Take the given expression –
$af(x) + bf\left( {\dfrac{1}{x}} \right) = \dfrac{1}{x} - 5$ .... (A)
Replace $x$ by $\left( {\dfrac{1}{x}} \right)$ in the above equation –
$\Rightarrow af\left( {\dfrac{1}{x}} \right) + bf\left( x \right) = x - 5$ .... (B)
Multiply Equation (A) with “a” on both the sides of the equation –
$a\left[ {af(x) + bf\left( {\dfrac{1}{x}} \right)} \right] = a\left[ {\dfrac{1}{x} - 5} \right]$
Simplify the above equation –
$\Rightarrow \left[ {{a^2}f(x) + abf\left( {\dfrac{1}{x}} \right)} \right] = \left[ {\dfrac{a}{x} - 5a} \right]$ ..... (C)
Multiply Equation (B) with “b” on both the sides of the equation –
$\Rightarrow b\left[ {af\left( {\dfrac{1}{x}} \right) + bf\left( x \right)} \right] = b\left[ {x - 5} \right]$
Simplify the above equation –
$\Rightarrow \left[ {abf\left( {\dfrac{1}{x}} \right) + {b^2}f\left( x \right)} \right] = \left[ {bx - 5b} \right]$ ..... (D)
Subtract equation (D) from the equation (C)
$\Rightarrow \left[ {{a^2}f(x) + abf\left( {\dfrac{1}{x}} \right)} \right] - \left[ {abf\left( {\dfrac{1}{x}} \right) + {b^2}f\left( x \right)} \right] = \left[ {\dfrac{a}{x} - 5a} \right] - \left[ {bx - 5b} \right]$
When you open the brackets and if there is a negative sign outside it, then the sign of all the terms inside the bracket changes. Positive term becomes negative and negative term becomes positive.
$\Rightarrow {a^2}f(x) + abf\left( {\dfrac{1}{x}} \right) - abf\left( {\dfrac{1}{x}} \right) - {b^2}f\left( x \right) = \dfrac{a}{x} - 5a - bx + 5b$
Make pair of like terms in the above equation –
$\Rightarrow \underline {{a^2}f(x) - {b^2}f\left( x \right)} + \underline {abf\left( {\dfrac{1}{x}} \right) - abf\left( {\dfrac{1}{x}} \right)} = \dfrac{a}{x} - 5a - bx + 5b$
Like terms with equal values and opposite sign cancel each other.

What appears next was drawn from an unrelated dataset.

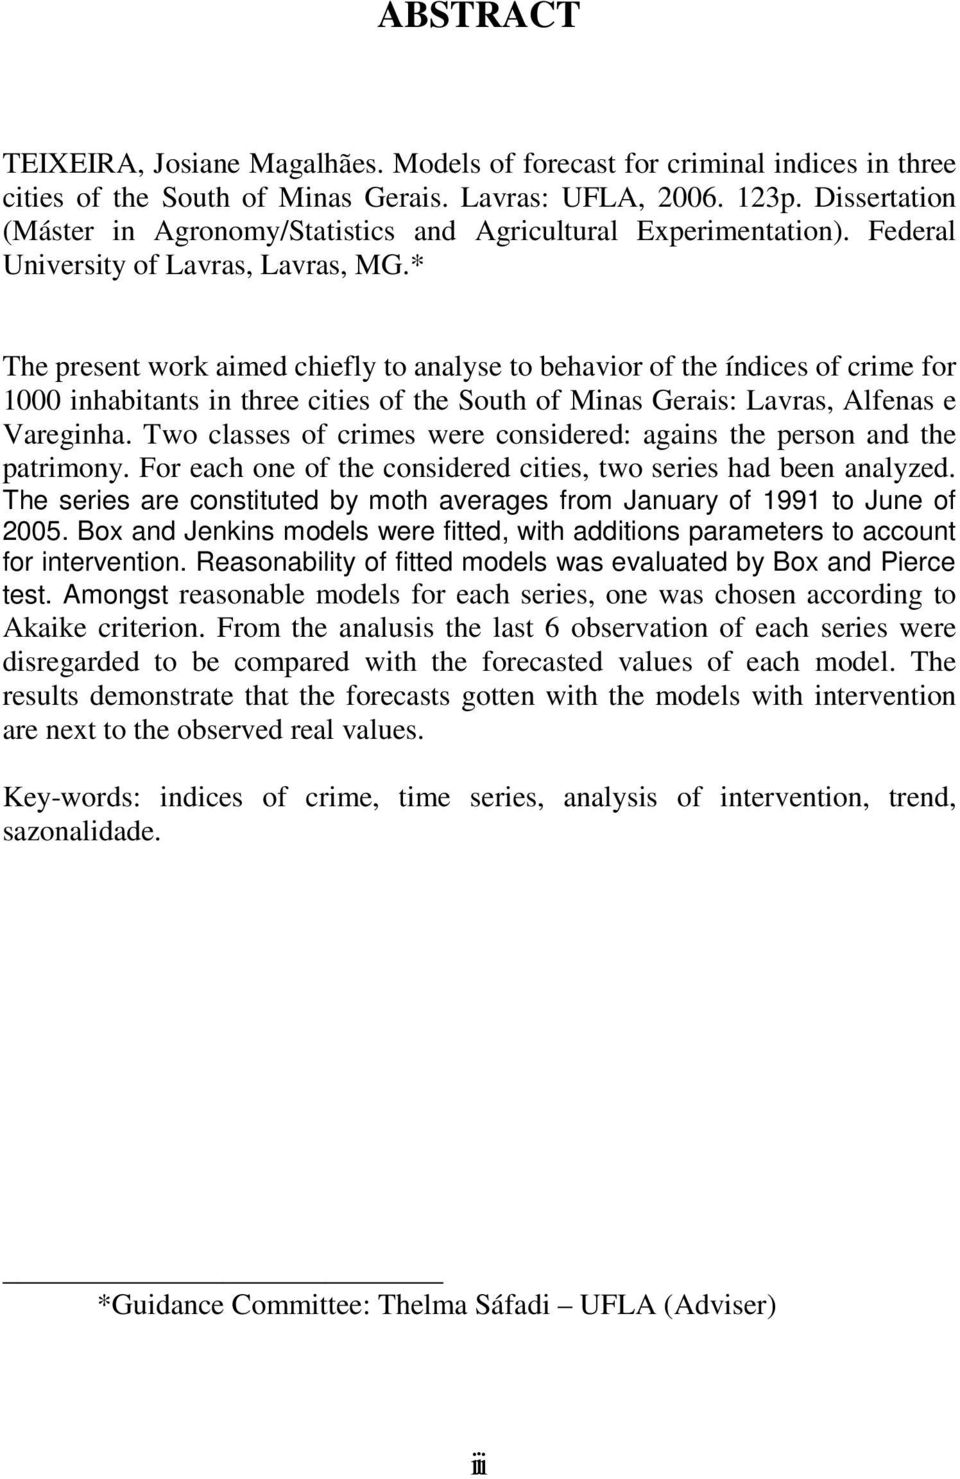 * The presen work aimed chiefly o analyse o behavior of he índices of crime for 000 inhabians in hree ciies of he Souh of Minas Gerais: Lavras, Alfenas e Vareginha.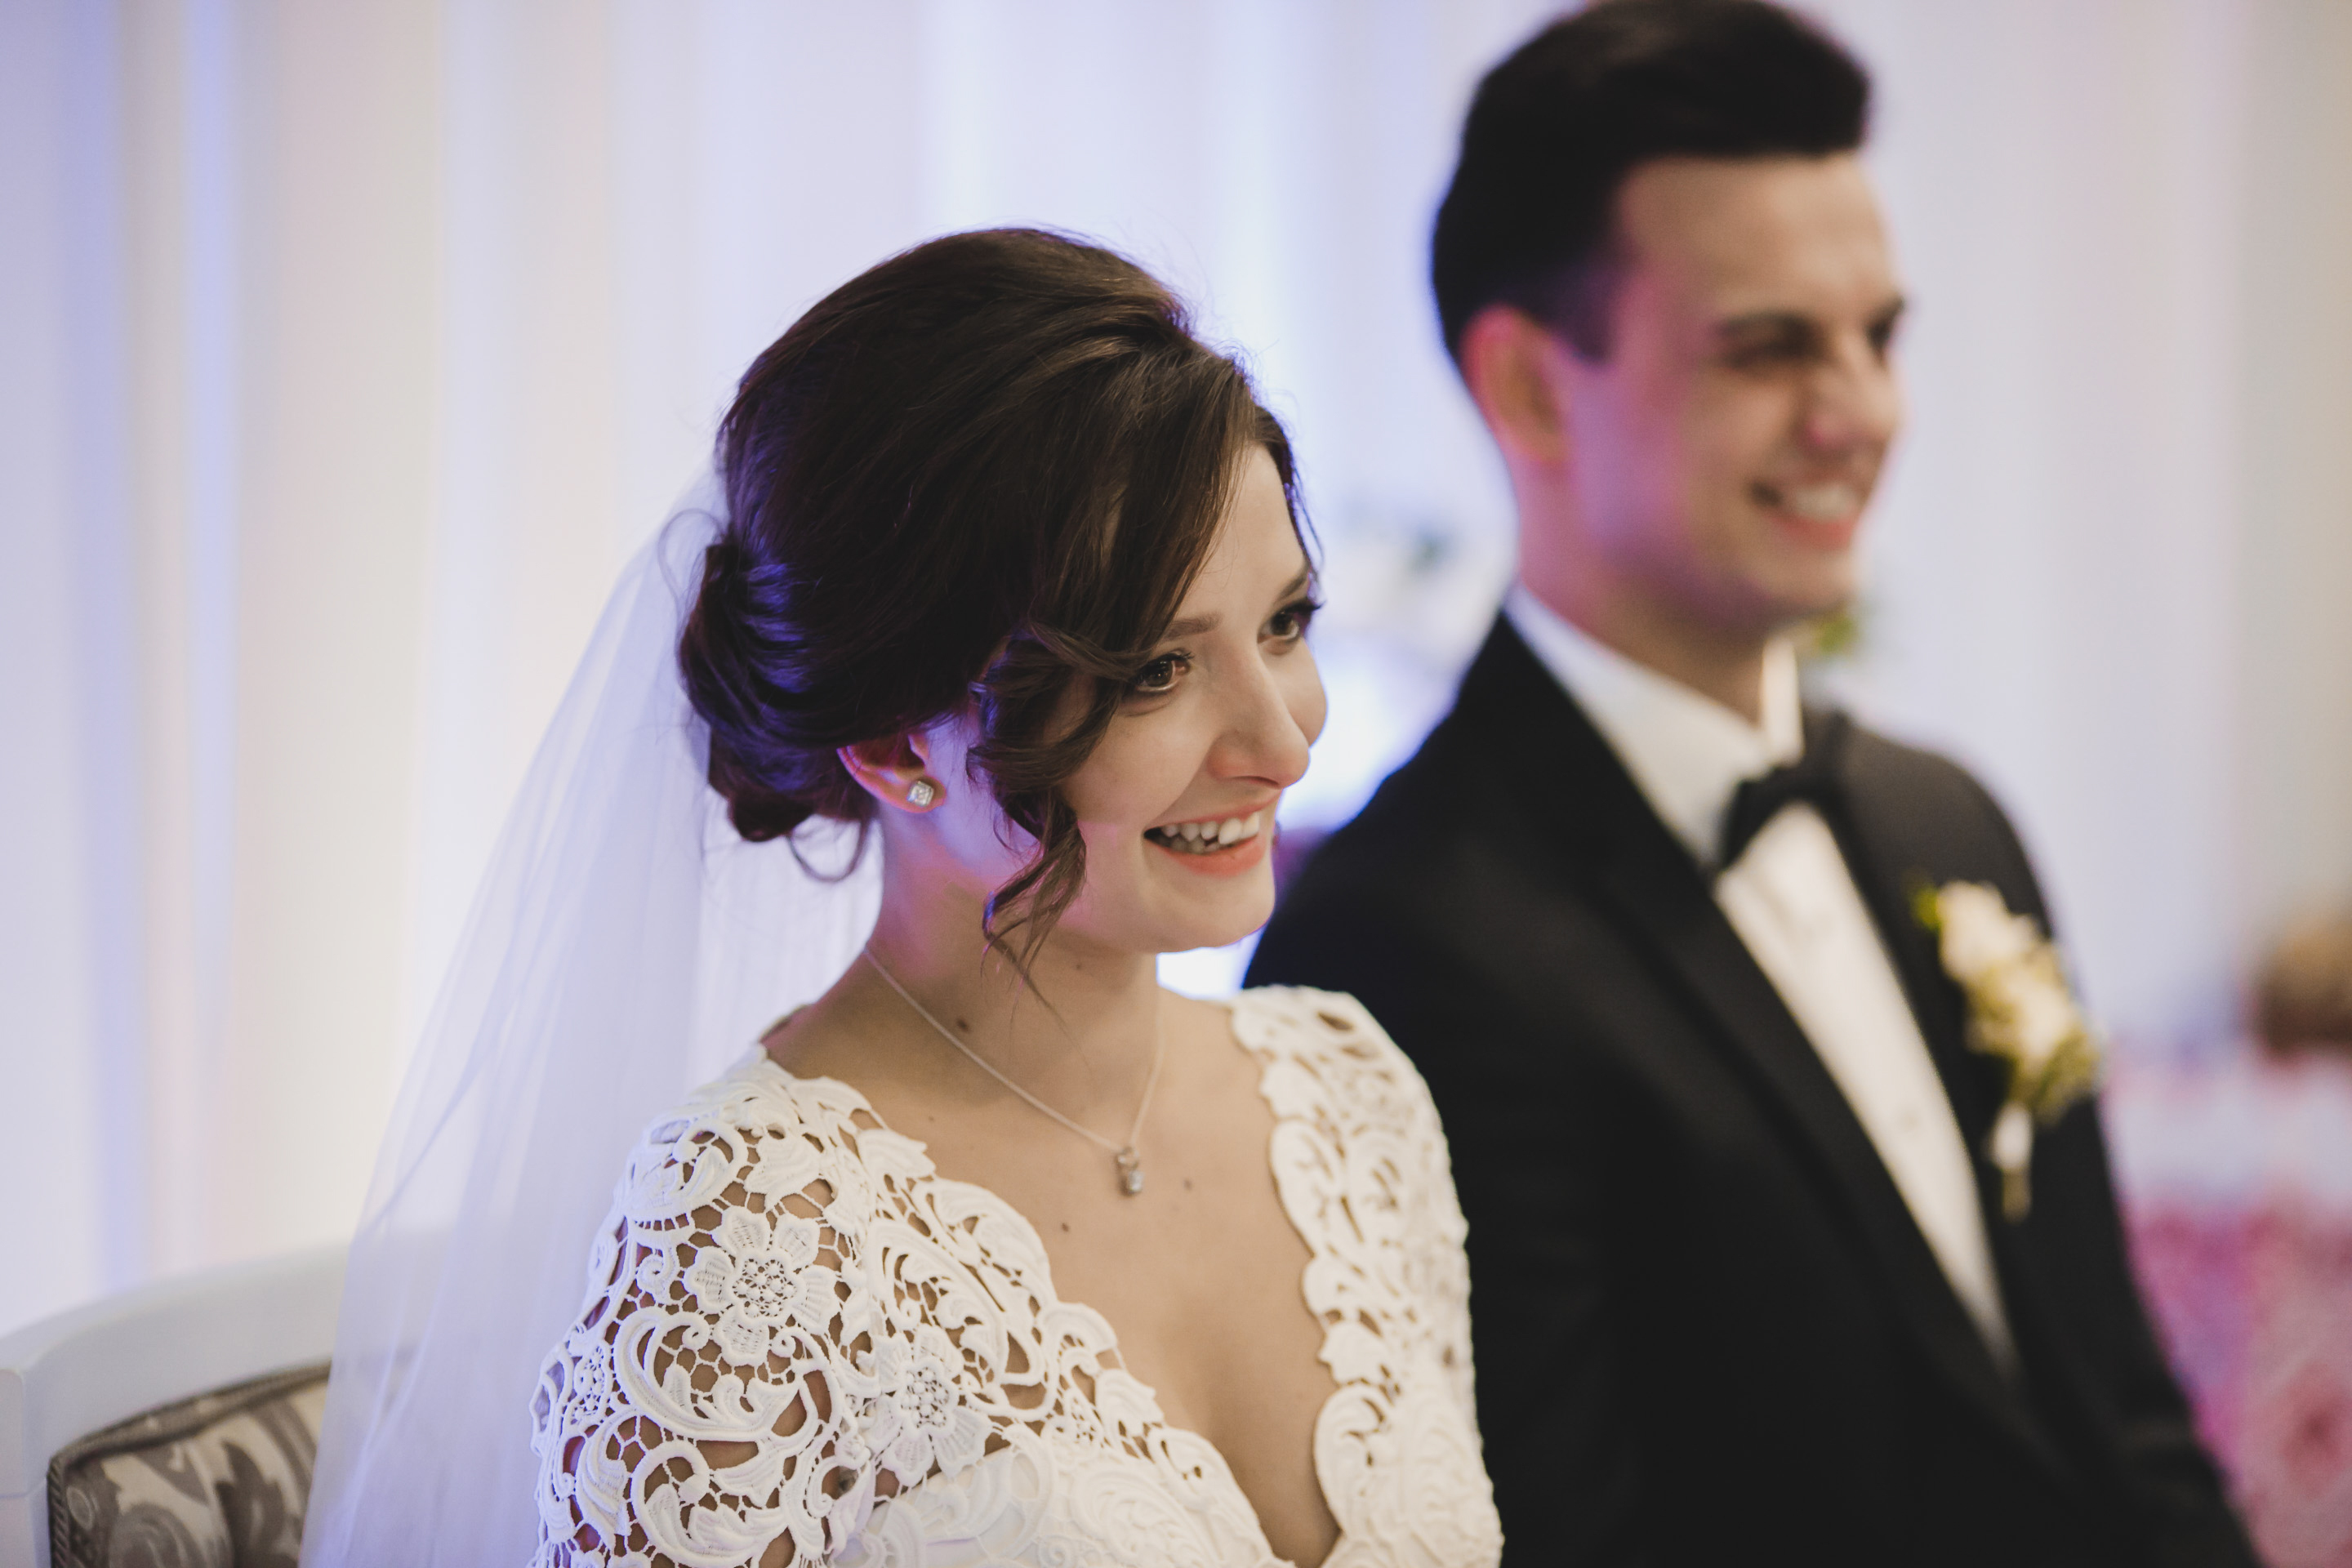 Ein Paar bei seiner Hochzeit | Quelle: Shutterstock

$\Rightarrow \left( {{a^2} - {b^2}} \right)f\left( x \right) = \dfrac{a}{x} - 5a - bx + 5b$
The above equation can be written as –
$\Rightarrow \left( {{a^2} - {b^2}} \right)f\left( x \right) = \left[ {\dfrac{a}{x} - 5a - bx + 5b} \right]$
When the term multiplicative on one side is moved to the opposite side then it goes to the denominator on the opposite side.
$\Rightarrow f\left( x \right) = \dfrac{{\left[ {\dfrac{a}{x} - 5a - bx + 5b} \right]}}{{\left( {{a^2} - {b^2}} \right)}}$
This is the required solution.
So, the correct answer is “ $\Rightarrow f\left( x \right) = \dfrac{{\left[ {\dfrac{a}{x} - 5a - bx + 5b} \right]}}{{\left( {{a^2} - {b^2}} \right)}}$ ”.

Note: Be very careful while simplifying the terms. When you open the brackets and there is a negative sign outside the bracket then the sign of the terms inside the bracket will be changed. Positive terms will become negative and negative terms become positive. Also, remember when there is a positive sign outside the bracket then the sign of the terms inside the bracket do not change.